Shared Control for Bimanual Telesurgery with Optimized Robotic Partner
This addresses surgeon workload and efficiency in telesurgery, representing an incremental improvement with a novel method for a known bottleneck.
The paper tackled the problem of surgeon fatigue and reduced efficiency in traditional telesurgery by introducing a Robotic Partner for bimanual shared control, which reduced surgeon workload by 51% in force-sensor-free scenarios.
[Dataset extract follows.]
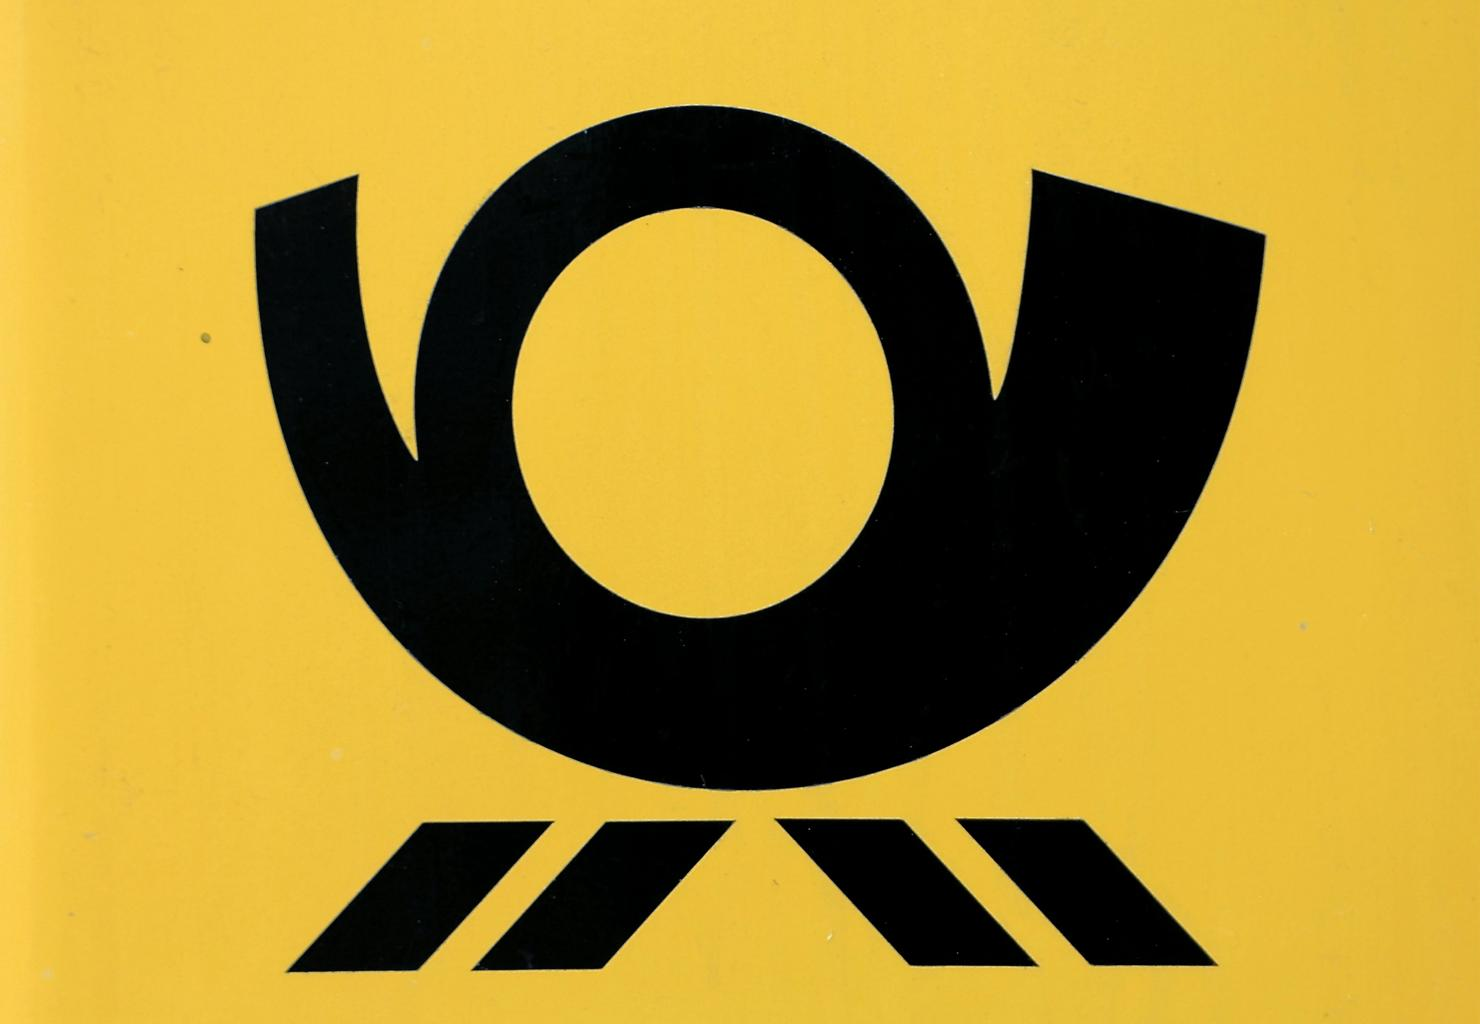 logo pošty

Traditional telesurgery relies on the surgeon's full control of the robot on the patient's side, which tends to increase surgeon fatigue and may reduce the efficiency of the operation. This paper introduces a Robotic Partner (RP) to facilitate intuitive bimanual telesurgery, aiming at reducing the surgeon workload and enhancing surgeon-assisted capability. An interval type-2 polynomial fuzzy-model-based learning algorithm is employed to extract expert domain knowledge from surgeons and reflect environmental interaction information. Based on this, a bimanual shared control is developed to interact with the other robot teleoperated by the surgeon, understanding their control and providing assistance. As prior information of the environment model is not required, it reduces reliance on force sensors in control design. Experimental results on the DaVinci Surgical System show that the RP could assist peg-transfer tasks and reduce the surgeon's workload by 51\% in force-sensor-free scenarios.